Every line below from the one containing "ASSORTED WIRES, ETC. (BASKETS)" through the one containing "SkyBound: Materials are" must be transcribed exactly. Omit all lines outside that stretch.

DATA RECORDS below:

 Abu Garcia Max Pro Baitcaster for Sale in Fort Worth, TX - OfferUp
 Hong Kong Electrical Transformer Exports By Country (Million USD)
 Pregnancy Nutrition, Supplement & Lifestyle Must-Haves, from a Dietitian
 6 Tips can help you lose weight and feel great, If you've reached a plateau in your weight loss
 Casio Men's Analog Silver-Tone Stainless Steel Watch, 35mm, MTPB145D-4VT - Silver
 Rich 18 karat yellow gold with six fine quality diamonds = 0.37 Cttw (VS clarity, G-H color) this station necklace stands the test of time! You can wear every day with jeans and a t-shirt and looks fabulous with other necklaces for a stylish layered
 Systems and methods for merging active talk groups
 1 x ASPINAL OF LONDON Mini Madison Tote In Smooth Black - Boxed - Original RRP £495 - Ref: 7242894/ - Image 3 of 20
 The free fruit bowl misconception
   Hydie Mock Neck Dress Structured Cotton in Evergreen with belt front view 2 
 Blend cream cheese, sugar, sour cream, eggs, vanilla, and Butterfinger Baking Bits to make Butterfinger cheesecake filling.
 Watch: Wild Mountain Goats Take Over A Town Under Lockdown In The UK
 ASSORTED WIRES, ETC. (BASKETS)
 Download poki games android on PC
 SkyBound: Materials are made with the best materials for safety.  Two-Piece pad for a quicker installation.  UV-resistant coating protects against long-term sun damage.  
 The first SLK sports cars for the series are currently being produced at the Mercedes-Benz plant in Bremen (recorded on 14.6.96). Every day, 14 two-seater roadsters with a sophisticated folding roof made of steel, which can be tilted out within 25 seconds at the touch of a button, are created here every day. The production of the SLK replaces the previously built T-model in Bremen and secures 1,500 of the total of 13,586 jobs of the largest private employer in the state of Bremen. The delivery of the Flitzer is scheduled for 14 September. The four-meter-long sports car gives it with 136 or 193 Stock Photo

End of DATA RECORDS.

▶ TASK RESPONSE
 ASSORTED WIRES, ETC. (BASKETS)
 Download poki games android on PC
 SkyBound: Materials are made with the best materials for safety.  Two-Piece pad for a quicker installation.  UV-resistant coating protects against long-term sun damage.  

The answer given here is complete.